The Great Depression Analogy

PRINCETON – Whenever today’s economic crisis is discussed, analogies to the Great Depression are never far away. In its latest “World Economic Outlook,” the IMF examines the analogy explicitly, in terms not only of the collapse of financial confidence, but also of the rapid decline in global trade and industrial activity.

Monday, May 04, 2009

PRINCETON – Whenever today’s economic crisis is discussed, analogies to the Great Depression are never far away. In its latest "World Economic Outlook,” the IMF examines the analogy explicitly, in terms not only of the collapse of financial confidence, but also of the rapid decline in global trade and industrial activity.

In general, history, rather than economic theory, seems to offer a guide to interpreting wildly surprising and inherently unpredictable events.

Almost every contemporary use of the depression analogy takes the year 1929 as a reference point. But two completely different pathologies were manifest in the Great Depression; each called for different diagnoses – and different cures.

The first, and most famous, pathology was the stock market crash of October 1929 in the United States. No other country had a stock market panic of similar magnitude, in large part because no other country had experienced the euphoric run-up of stock prices that sucked large numbers of Americans, from very different backgrounds, into financial speculation.

The second pathology was decisive in turning a bad recession into the Great Depression. A series of bank panics emanated from central Europe in the summer of 1931 and spread financial contagion to Great Britain, then to the US and France, and finally around the world.

The 1929 panic has dominated all analysis of the depression for two rather peculiar reasons.

First, no one has ever been able to explain satisfactorily the October 1929 market collapse in terms of a rational cause, with market participants reacting to a specific news event. So the crash presents an intellectual puzzle, and economists can build their reputations on trying to find innovative accounts.

Some people conclude that markets are simply irrational. Others strain to produce complicated models, according to which investors might have been able to foresee the Depression, or ponder the likelihood of protectionist reactions in other countries to the American tariff act, though the US legislation had not yet even been finalized.

The second reason that 1929 has been popular with academic and political commentators is that it provides a clear motive for taking particular policy measures.

Keynesians have been able to demonstrate that fiscal stimulus can stabilize market expectations, and thus provide an overall framework of confidence. Monetarists tell an alternative but parallel story of how stable monetary growth avoids radical perturbations.

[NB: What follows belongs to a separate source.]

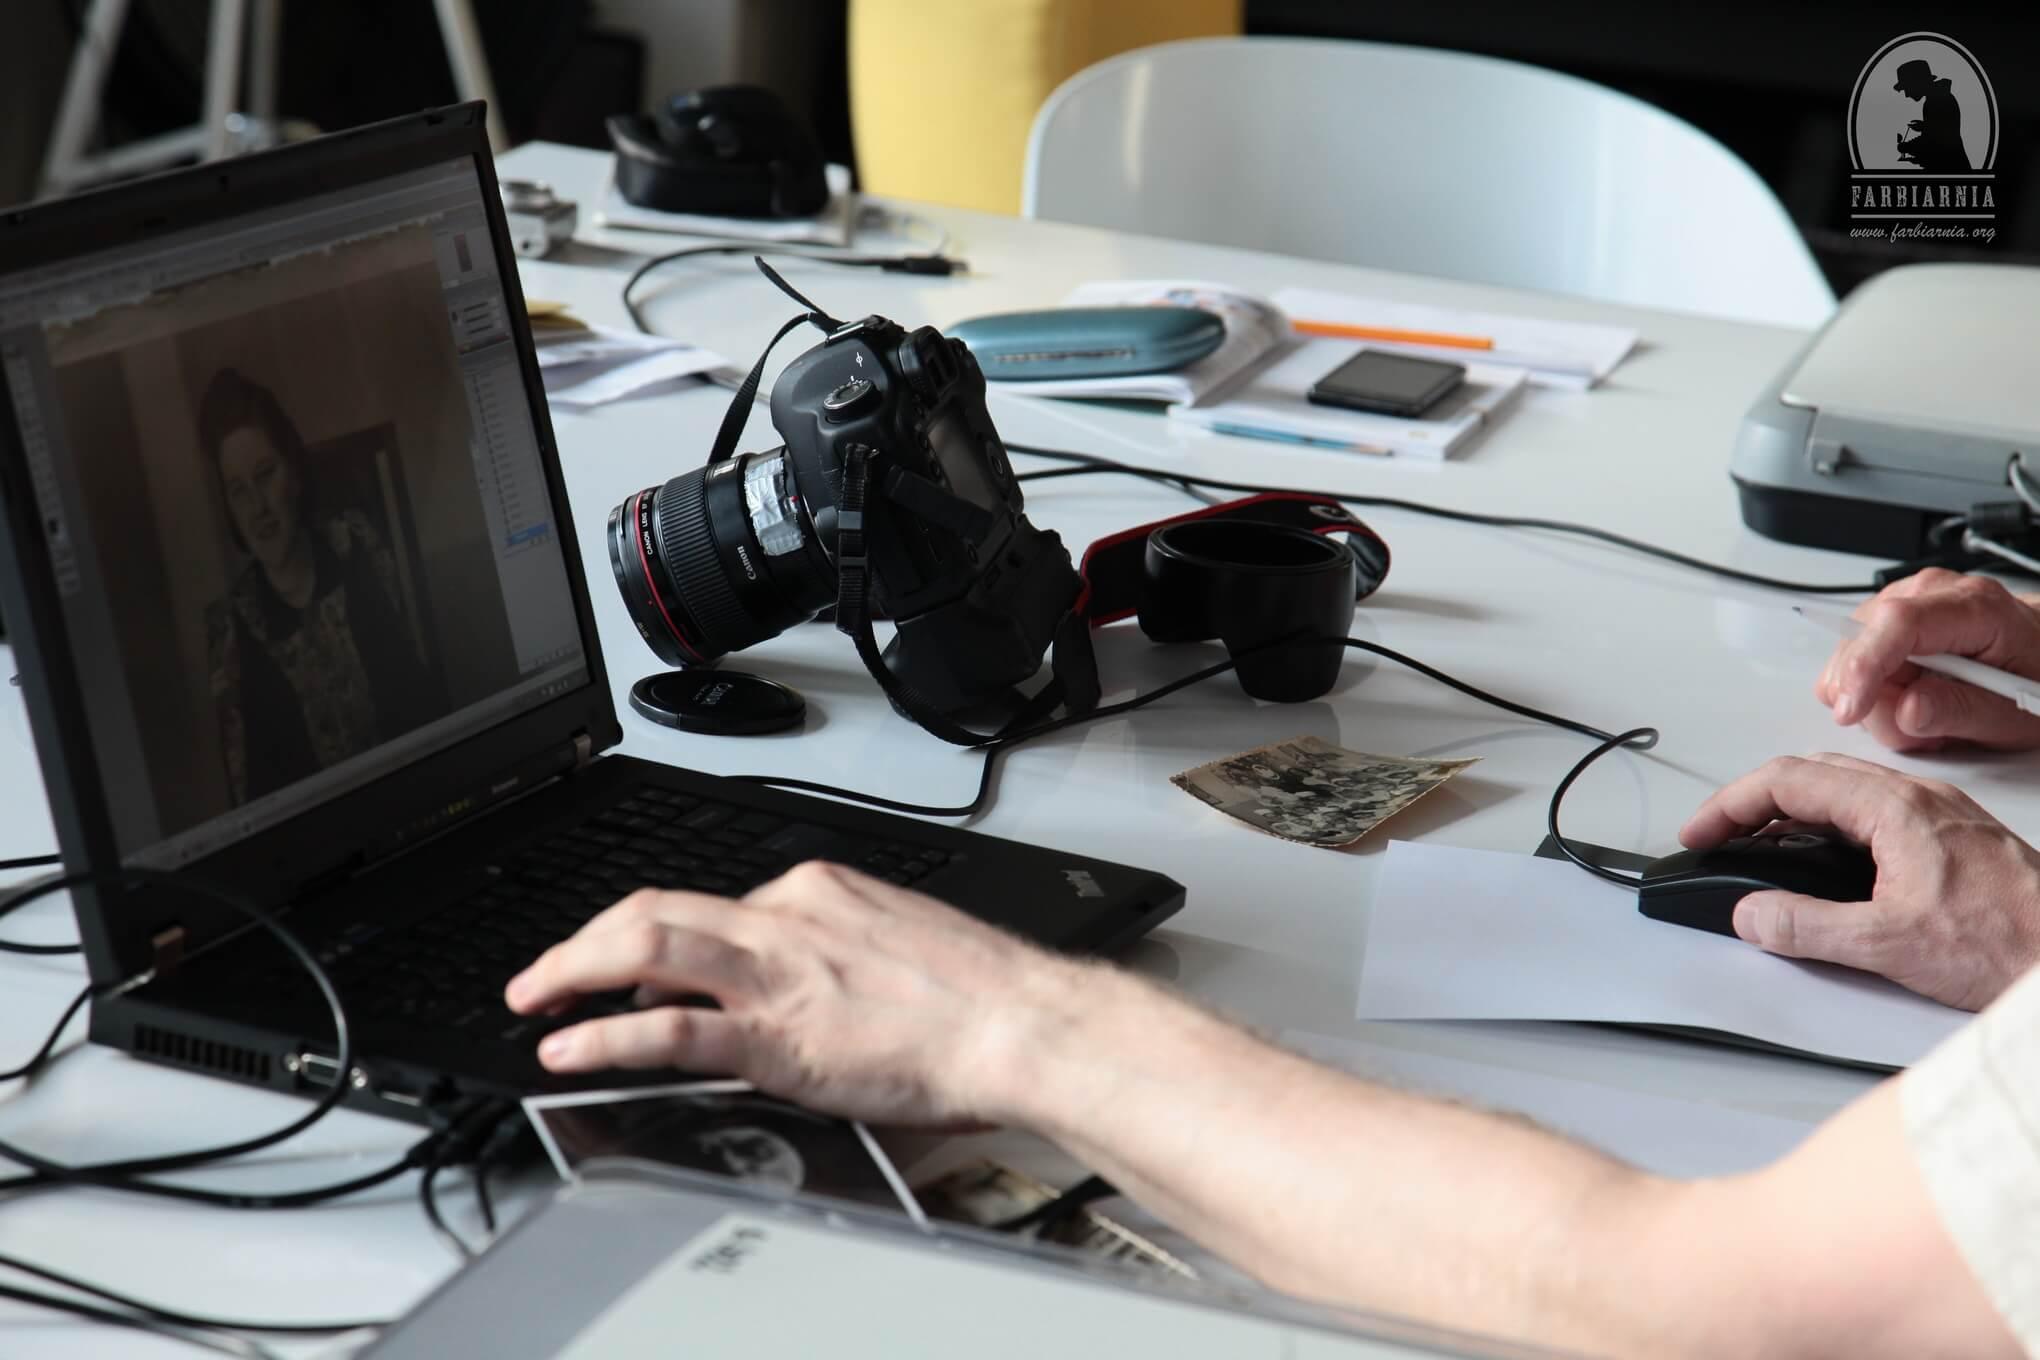 Fotografowie 60+w cyberprzestrzeni

The 1929 crash had no obvious cause, but two very plausible solutions. The European banking disaster of 1931 was exactly the other way round.

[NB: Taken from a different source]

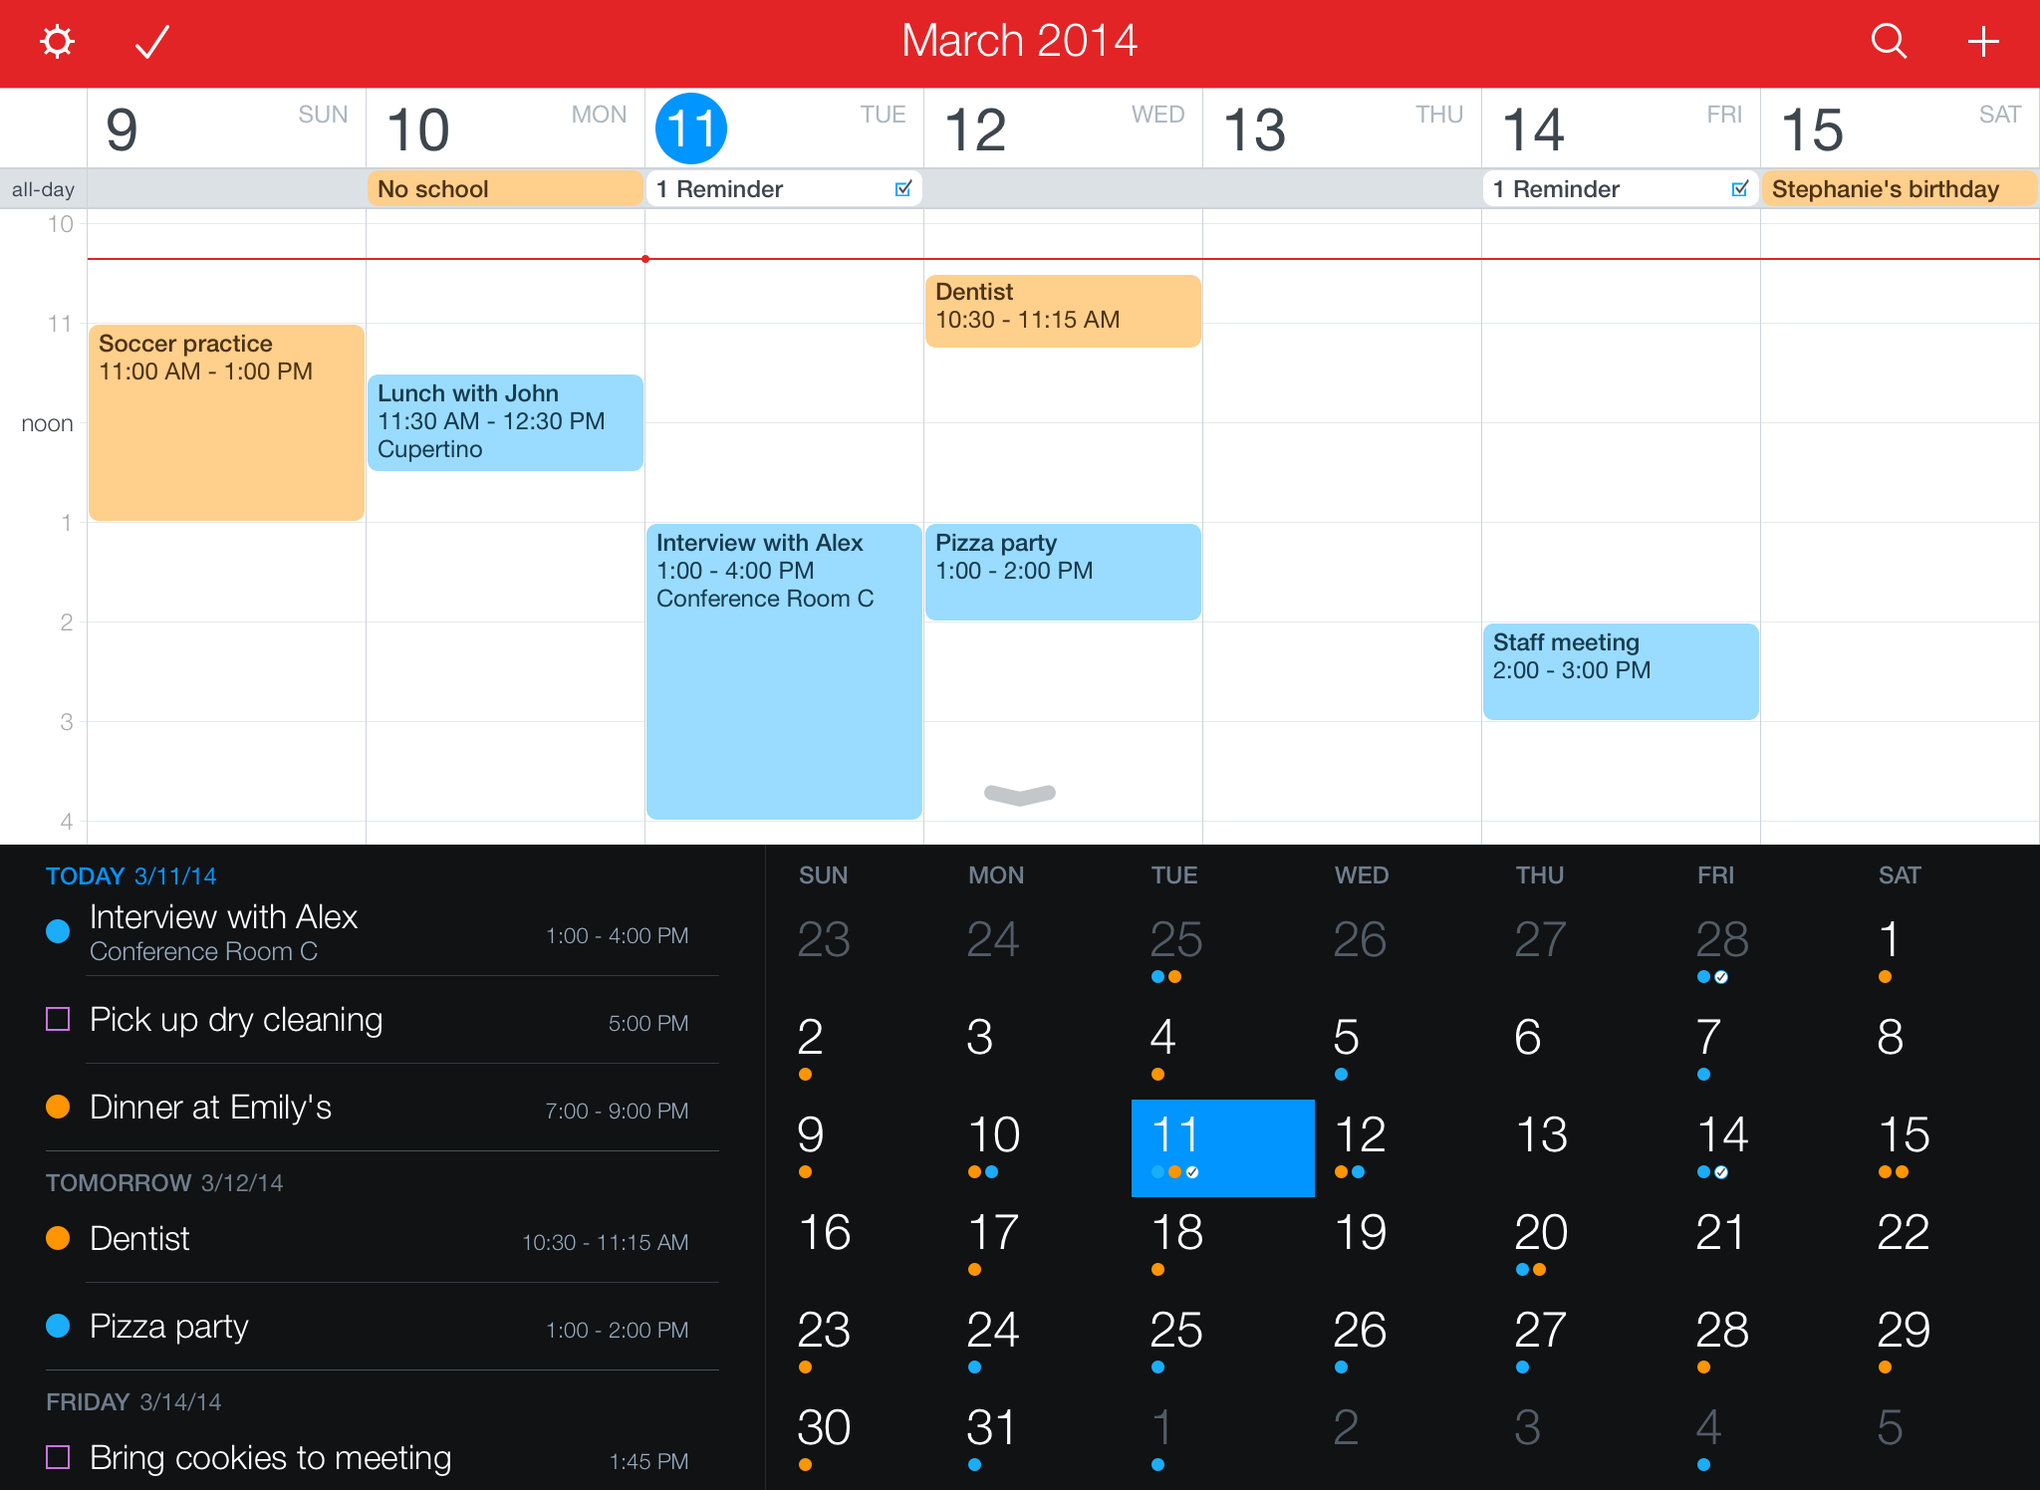 Free cross platform calendar app with to-do lists? : productivity

No academic laurels are to be won by finding innovative accounts as its cause: the collapses were the result of financial weakness in countries where bad policies produced hyper-inflation, which destroyed banks’ balance sheets.

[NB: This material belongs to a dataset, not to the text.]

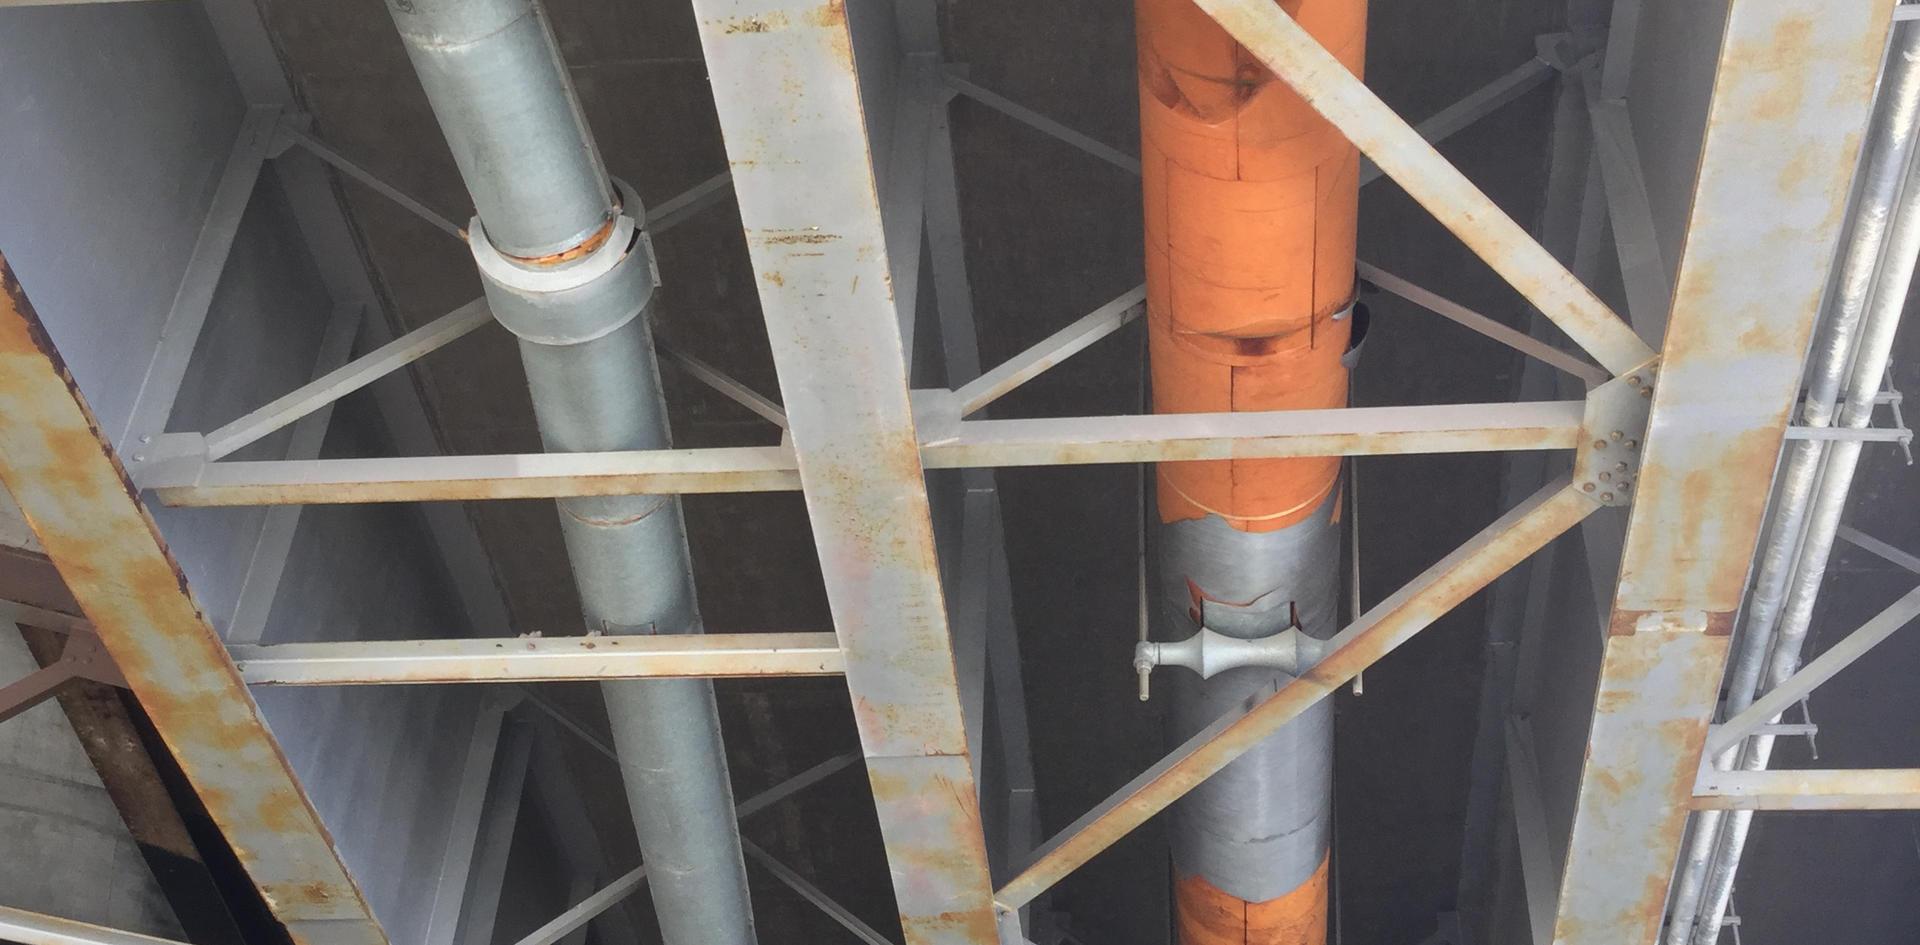 Bridge and pipe infrastrucure inspection

Intrinsic vulnerability made for heightened exposure to political shocks, and disputes about a Central European customs union and about war reparations was enough to topple a house of cards.

But repairing the damage was tough. Unlike 1929, there were (and are) no obvious macroeconomic answers to financial distress.

Some famous macroeconomists, including Larry Summers, the current chief economic thinker of the Obama administration, have tried to play down the role of financial-sector instability in causing depressions.

The answers, if they exist, lie in the slow and painful cleaning up of balance sheets; and in microeconomic restructuring, which cannot simply be imposed from above by an omniscient planner, but requires many businesses and individuals to change their outlook and behavior.

The improvement of regulation and supervision, while a good idea, is better suited to avoiding future crises than to dealing with the consequences of a catastrophe that has already occurred.

The consequence of the long academic and popular discussion of the 1929 crisis is that people have come to expect that there must be easy answers.

But the collapse of Lehman Brothers in September 2008 was a 1931-like event, highly reminiscent of the world of depression economics.

Austrian and German bank collapses would not have driven the entire world from recession into depression if those countries had simply been isolated or self-contained economies. But they had built their economies on borrowed money – chiefly from America – in the second half of the 1920’s.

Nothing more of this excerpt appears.